Por meio deles, as relações entre o sobrenatural e o humano se transformaram
em meios eficazes de controle, tornando as formas de repressão mecanismos que
transcendiam os indivíduos, possibilitando dessa maneira que a ordem fosse
configurada como algo natural e de suma importância para o bem estar da sociedade e
de quebra do bem querer dos deuses.
A utilização do imaginário mítico para se estabelecer a sociedade ateniense
partiu da necessidade de se construir características extra humana no sentido de modelar
o comportamento social evitando assim o não comprimento das normas estabelecidas,
poupando ao Estado recorrer à repressão física para com os seus. Dessa associação
mito-Estado surgiu a garantia indelével tão cara aos grupos que detêm o domínio do
poder público, permitindo que a realização de seus interesses fossem vistos e entendidos
como desígnios divinos pelos demais membros sociais.
Sob tais aspectos nota-se a grande utilidade dos mitos enquanto agentes sociais
de controle e de domínio, que com suas bases na alma humana, garantiu bem mais do
que a vida em sociedade, permitiu que a hegemonia de certos grupos continuasse
intactas e as normas e leis feitas por eles seguidas sem contestação. Servindo ao Estado,
os mitos garantiram-lhe a eficiência e o direito de permanência justificando seu controle
e superioridade frente às outras cidades-estados.
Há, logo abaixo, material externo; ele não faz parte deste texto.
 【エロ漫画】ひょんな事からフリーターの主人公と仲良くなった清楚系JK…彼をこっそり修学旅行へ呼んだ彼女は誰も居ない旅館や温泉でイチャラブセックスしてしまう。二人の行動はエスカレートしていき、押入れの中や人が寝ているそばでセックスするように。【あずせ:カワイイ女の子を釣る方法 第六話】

Através do culto e das histórias míticas criaram o sentimento de pertencimento e
de unidade, que favorecidos pela formação do núcleo urbano, promoveram o
destacamento de certos indivíduos diante da coletividade, fomentando prestígios e
benefícios ainda maiores.
Sob tais aspectos percebe-se que os mitos funcionaram mais do que simples
reguladores da ordem e da manutenção da sociedade, exercendo o poder de coerção de
Estado. Funcionaram sobretudo como legitimadores de uma ordem social com origens
humana, que transvestida de características divinas reafirmaram e justificaram o direito
de permanência dos “privilegiados sociais”.